As will be appreciated by one skilled in the art, embodiments of the present application may be provided as a method, system, or computer program product. Accordingly, the present application may take the form of an entirely hardware embodiment, an entirely software embodiment or an embodiment combining software and hardware aspects. Furthermore, the present application may take the form of a computer program product embodied on one or more computer-usable storage media (including, but not limited to, disk storage, CD-ROM, optical storage, and the like) having computer-usable program code embodied therein.
The present application is described with reference to flowchart illustrations and/or block diagrams of methods, apparatus (systems), and computer program products according to embodiments of the application. It will be understood that each flow and/or block of the flow diagrams and/or block diagrams, and combinations of flows and/or blocks in the flow diagrams and/or block diagrams, can be implemented by computer program instructions. These computer program instructions may be provided to a processor of a general purpose computer, special purpose computer, embedded processor, or other programmable data processing apparatus to produce a machine, such that the instructions, which execute via the processor of the computer or other programmable data processing apparatus, create means for implementing the functions specified in the flowchart flow or flows and/or block diagram block or blocks.
These computer program instructions may also be stored in a computer-readable memory that can direct a computer or other programmable data processing apparatus to function in a particular manner, such that the instructions stored in the computer-readable memory produce an article of manufacture including instruction means which implement the function specified in the flowchart flow or flows and/or block diagram block or blocks.

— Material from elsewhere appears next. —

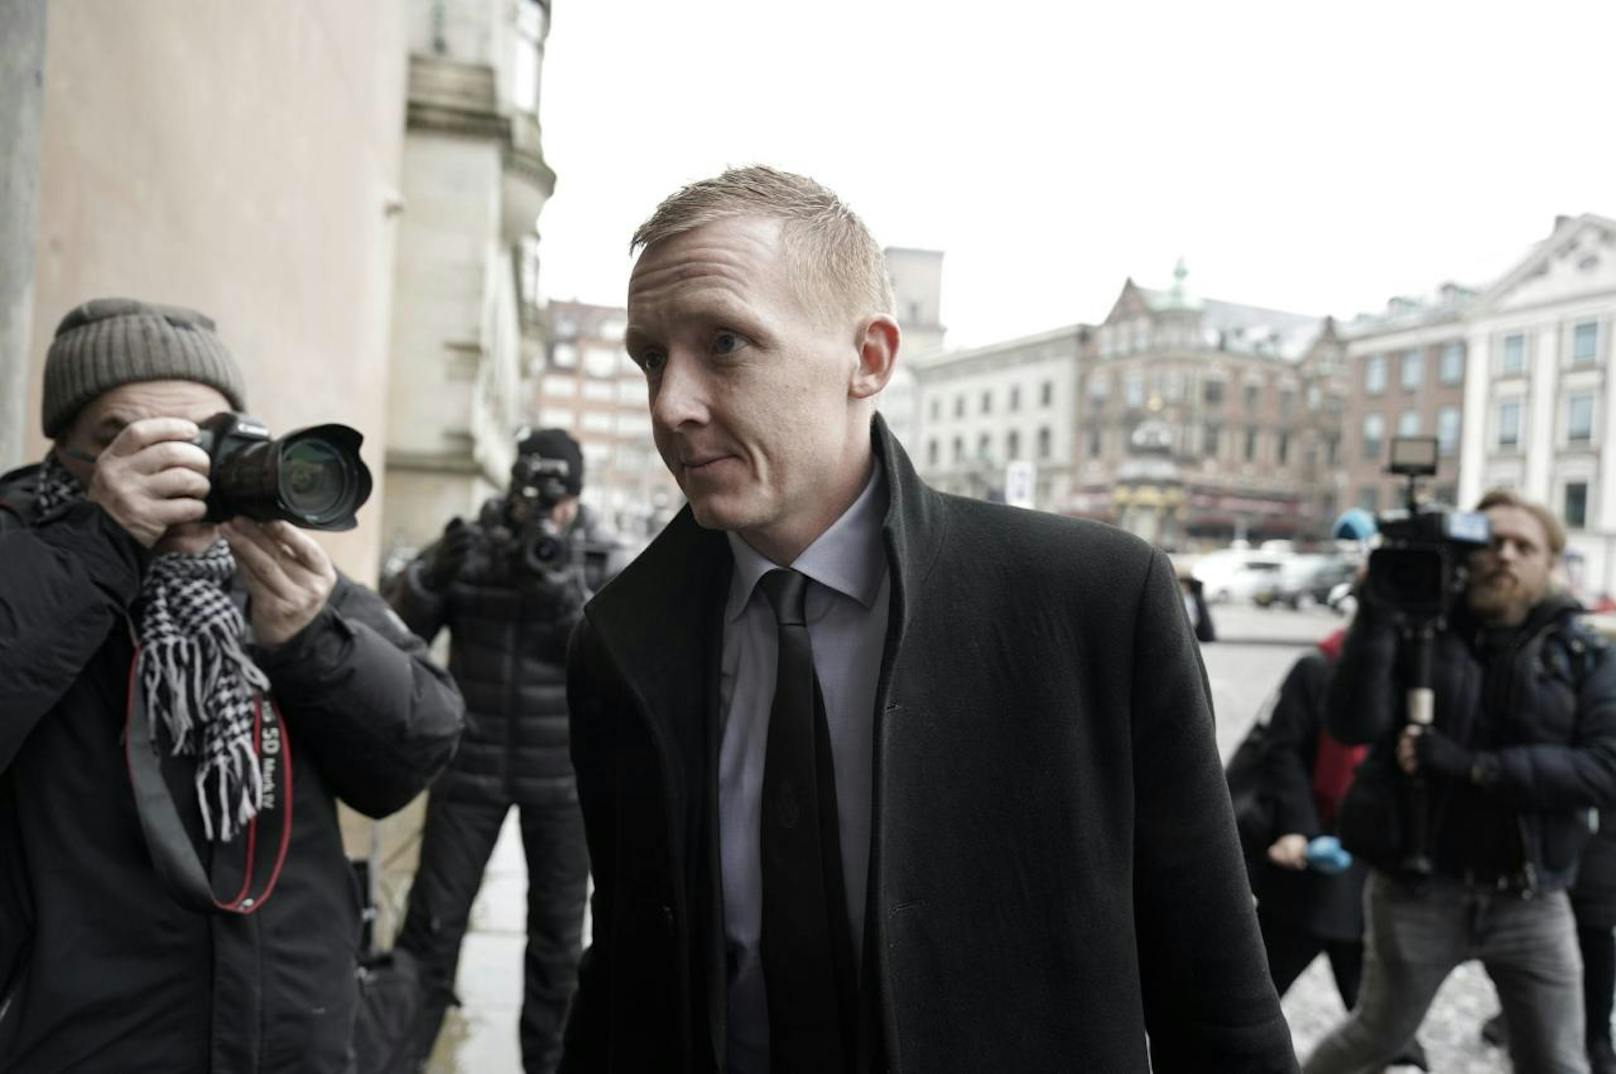 Staatsanwalt Jakob Buch-Jepsen am Gericht in Kopenhagen, wo der Prozess gegen Peter Madsen läuft.
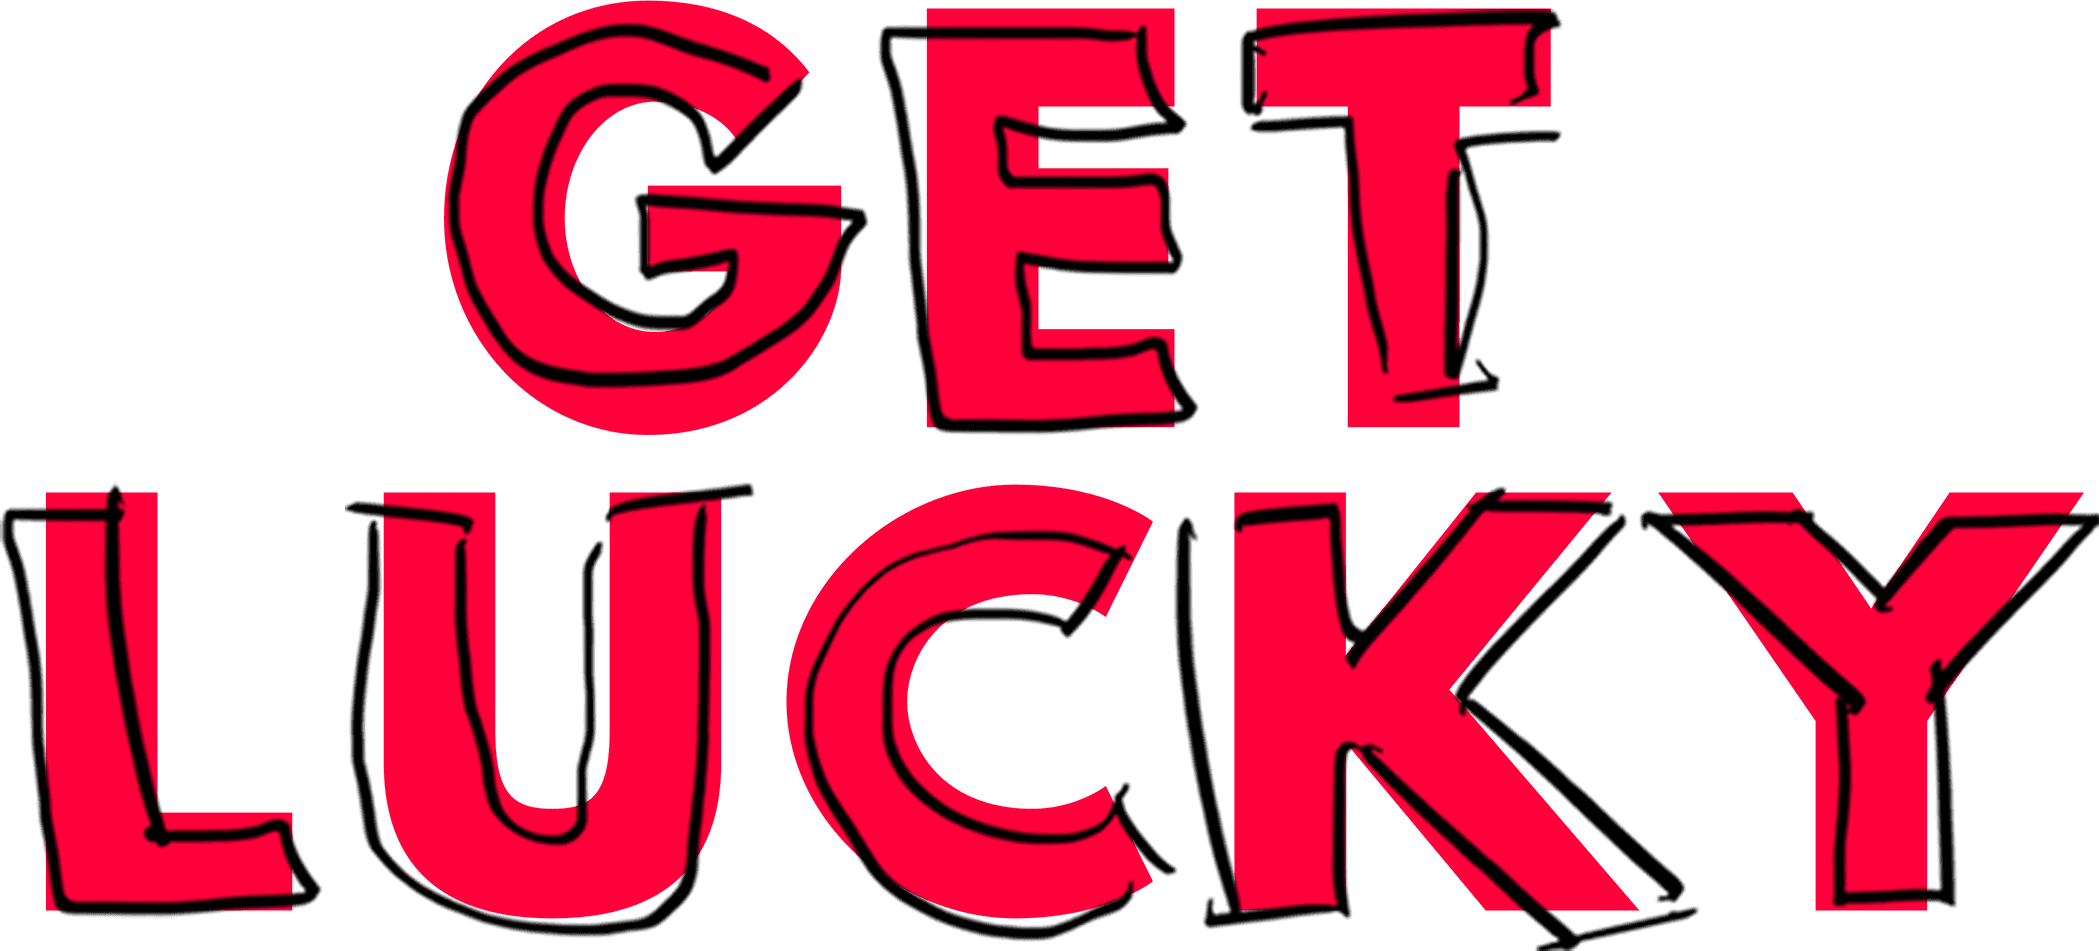 Get Lucky logo

These computer program instructions may also be loaded onto a computer or other programmable data processing apparatus to cause a series of operational steps to be performed on the computer or other programmable apparatus to produce a computer implemented process such that the instructions which execute on the computer or other programmable apparatus provide steps for implementing the functions specified in the flowchart flow or flows and/or block diagram block or blocks.
The foregoing is directed to preferred embodiments of the present invention, other and further embodiments of the invention may be devised without departing from the basic scope thereof, and the scope thereof is determined by the claims that follow. However, any simple modification, equivalent change and modification of the above embodiments according to the technical essence of the present invention are within the protection scope of the technical solution of the present invention.